CLOMAZOL Vaginal cream Ref.[50650] Active ingredients: Clotrimazole

Source: Medicines and Medical Devices Safety Authority (NZ)  Revision Year: 2022  Publisher: Multichem NZ Ltd, Private Bag 93527, Takapuna, AUCKLAND 0740 Telephone: (09) 478 3841

5.1. Pharmacodynamic properties

ATC Code: G01AF02, antifungals for vaginal use – imidazole and triazole derivatives

Mechanism of action

Azoles (e.g. clotrimazole) are usually recommended for the local treatment of vulvovaginal candidosis that is characterised by vulvovaginal symptoms such as itching, burning, discharge, redness, swelling and soreness.

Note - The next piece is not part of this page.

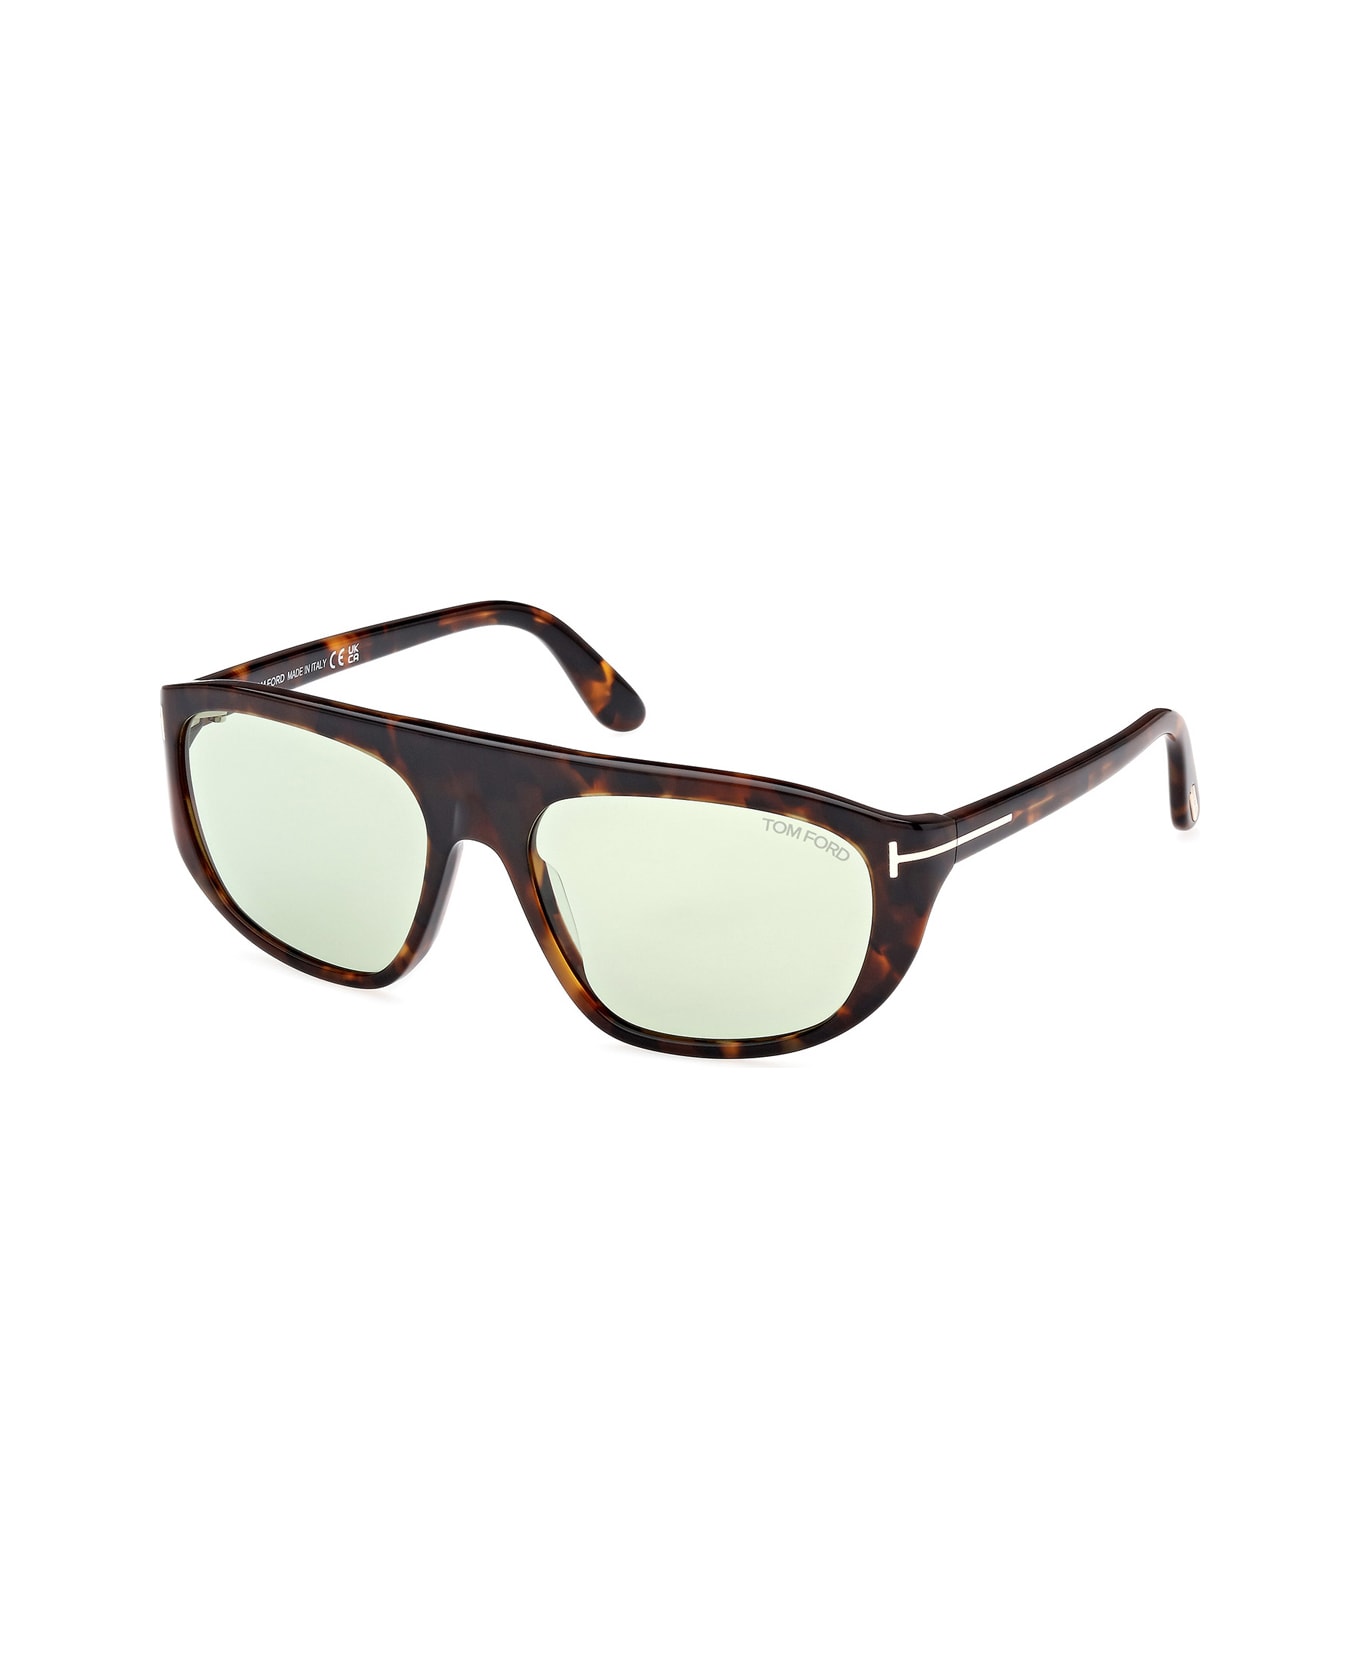 Tom Ford Eyewear Ft1002 Sunglasses - Marrone サングラス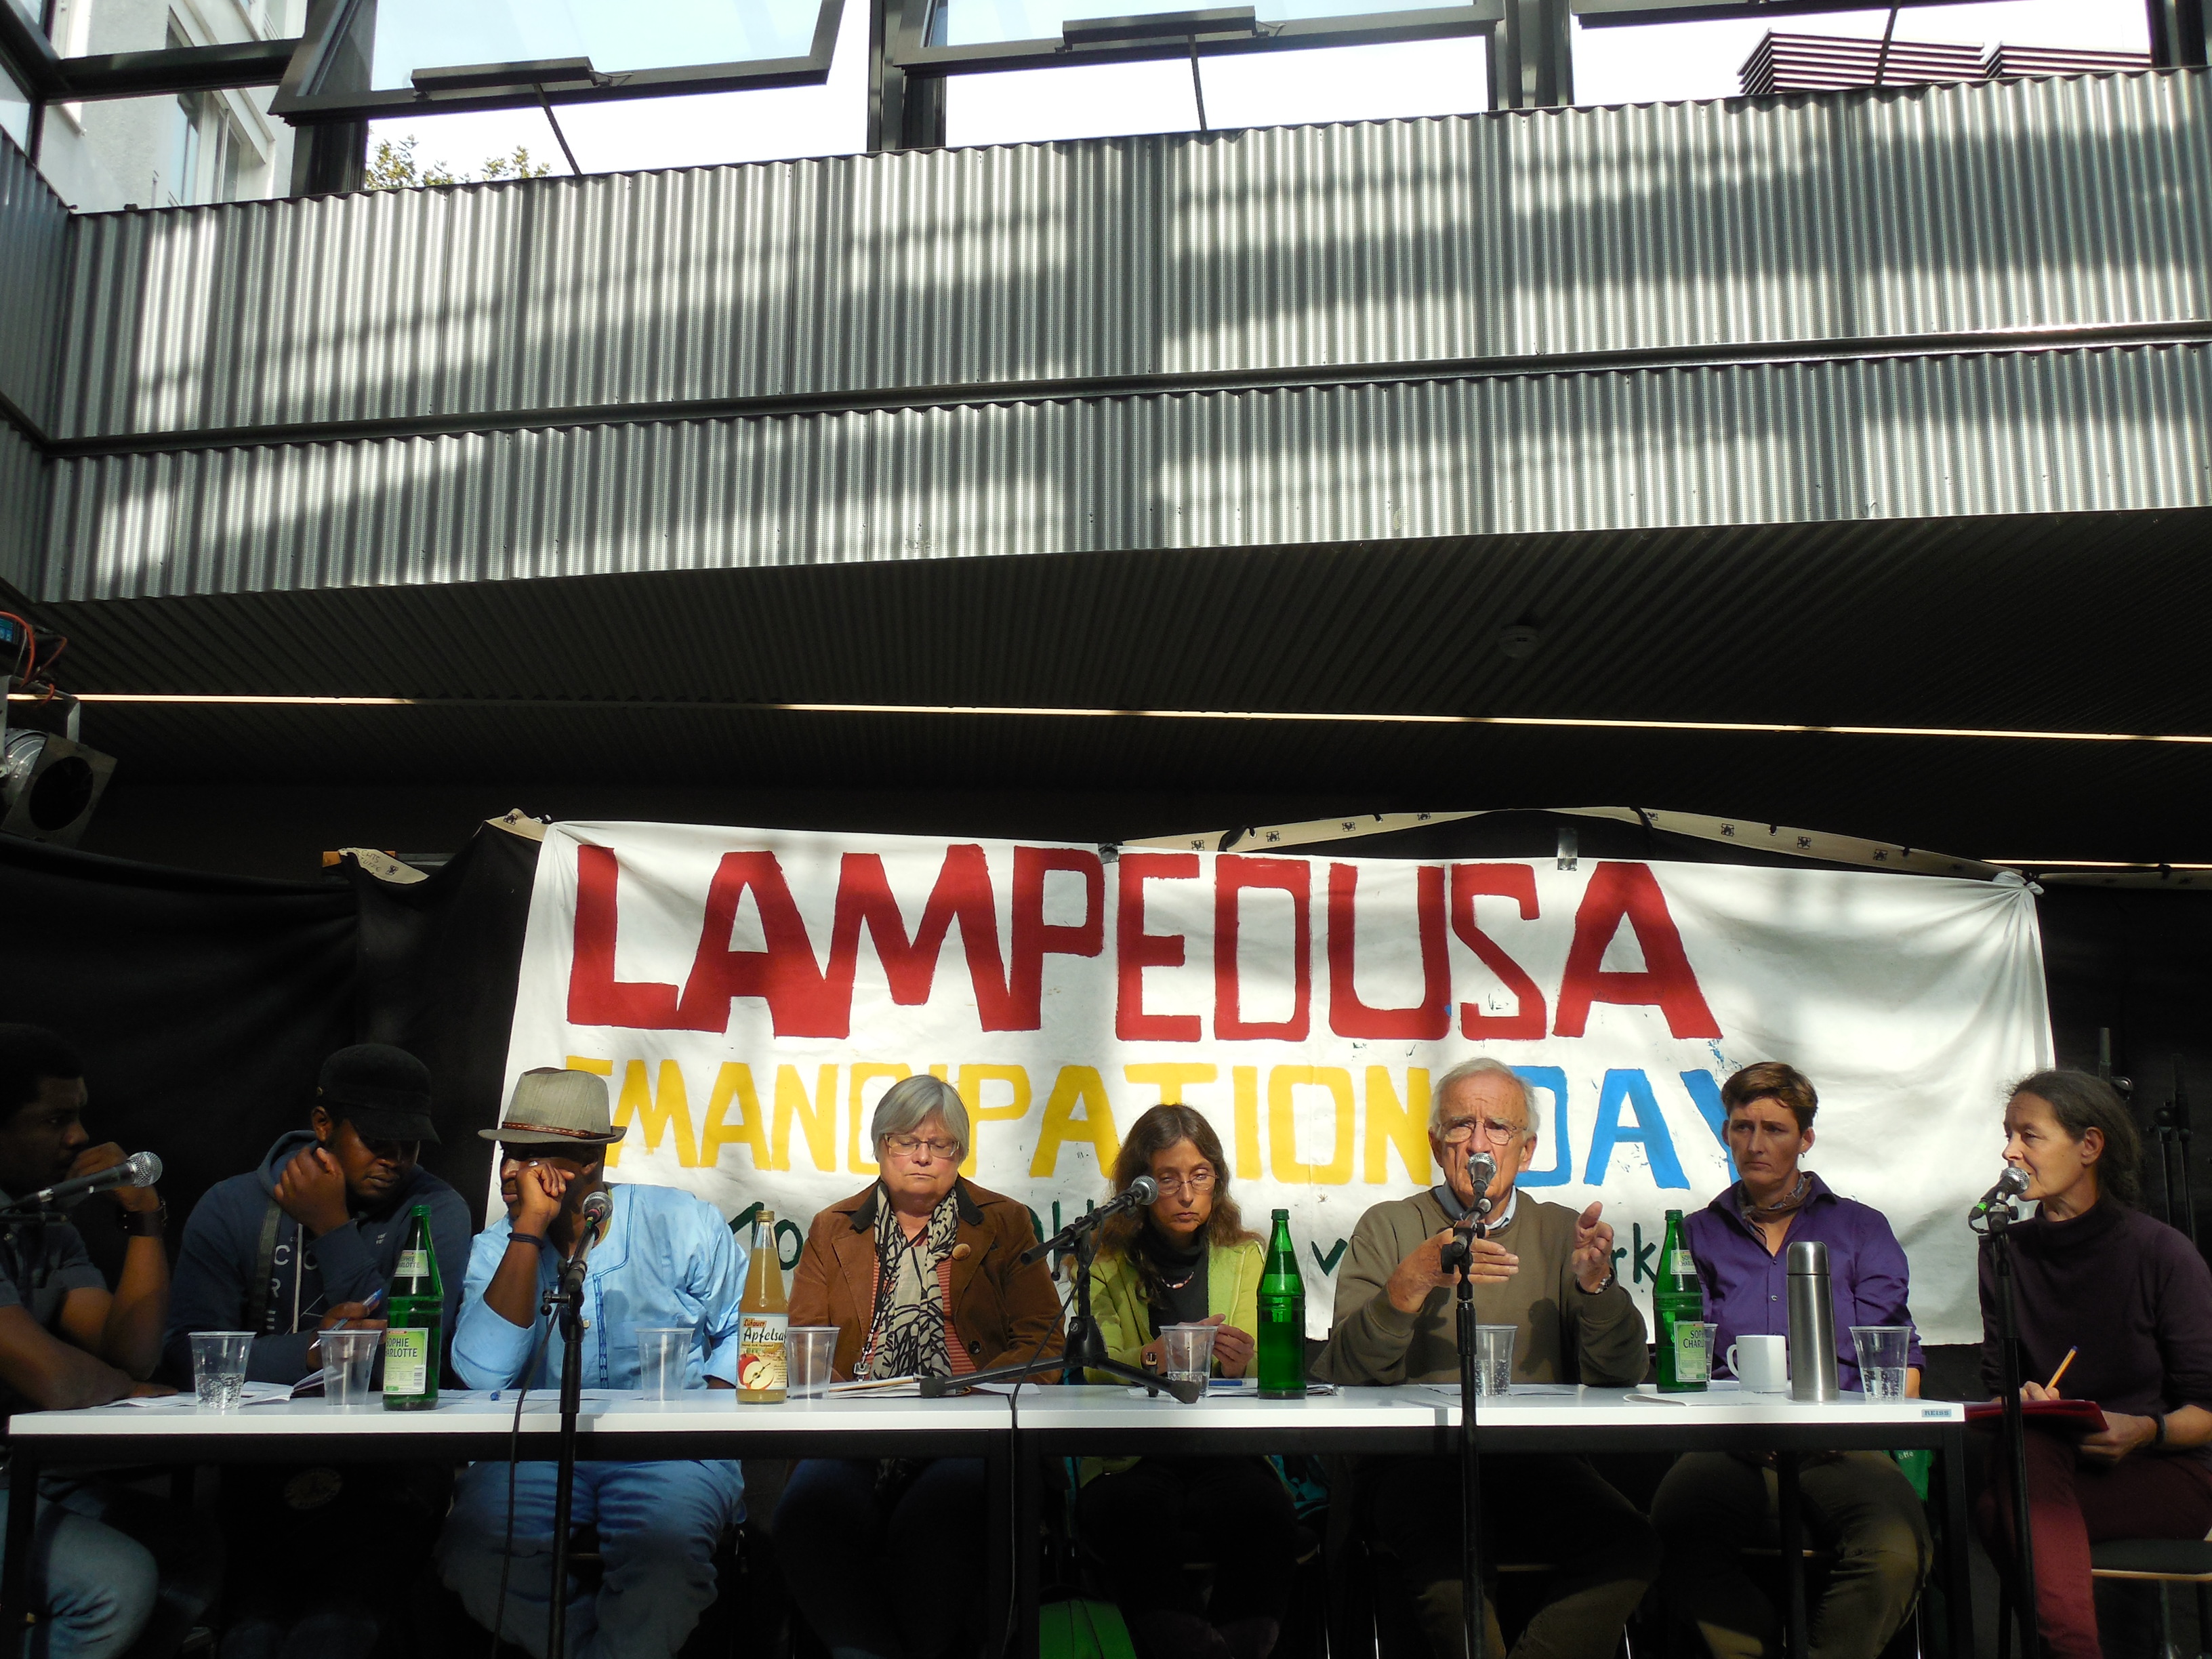 Lampedusa in Hamburg Diskussion Oktober 2014

Clotrimazole acts against fungi by inhibiting ergosterol synthesis. Inhibition of ergosterol synthesis leads to structural and functional impairment of the fungal cytoplasmic membrane.

Clotrimazole has a broad antimycotic spectrum of action in vitro and in vivo, which includes dermatophytes, yeasts, moulds, etc.

Under appropriate test conditions, the MIC values for these types of fungi are in the region of less than 0.062 – 8.0 μg/mL substrate.

The mode of action of clotrimazole is primarily fungistatic or fungicidal depending on the concentration of clotrimazole at the site of infection. In vitro activity is limited to proliferating fungal elements; fungal spores are only slightly sensitive.

In addition to its antimycotic action, clotrimazole also acts on gram-positive micro-organisms (Streptococci / Staphylococci / Gardnerella vaginalis) and gram-negative micro-organisms (Bacteroides).

In vitro clotrimazole inhibits the multiplication of Corynebacteria and gram-positive cocci (with the exception of Enterococci) in concentrations of 0.5 – 10 μg/mL substrate.

Primarily resistant variants of sensitive fungal species are very rare; the development of secondary resistance by sensitive fungi has so far only been observed in very isolated cases under therapeutic conditions.

5.2. Pharmacokinetic properties

Pharmacokinetic investigations after vaginal application have shown that only a small amount of clotrimazole (3 – 10%) is absorbed. Due to the rapid hepatic metabolisation of absorbed clotrimazole into pharmacologically inactive metabolites the resulting peak plasma concentrations of clotrimazole after vaginal application of a 500 mg dose were less than 10 ng/mL, suggesting that clotrimazole applied intravaginally is unlikely to lead to measurable systemic effects or side effects.

5.3. Preclinical safety data

Non-clinical data reveal no special hazard for humans based on conventional studies of safety pharmacology, repeated dose toxicity, genotoxicity, carcinogenic potential and toxicity to reproduction and development.

The local and systemic tolerance of clotrimazole in different dosage forms was assessed in intravaginal studies in dogs and monkeys and in subacute dermal studies in rabbits. There was no evidence of treatment-related local or systemic adverse effects in any of these studies.

The oral toxicity of clotrimazole has been well-studied.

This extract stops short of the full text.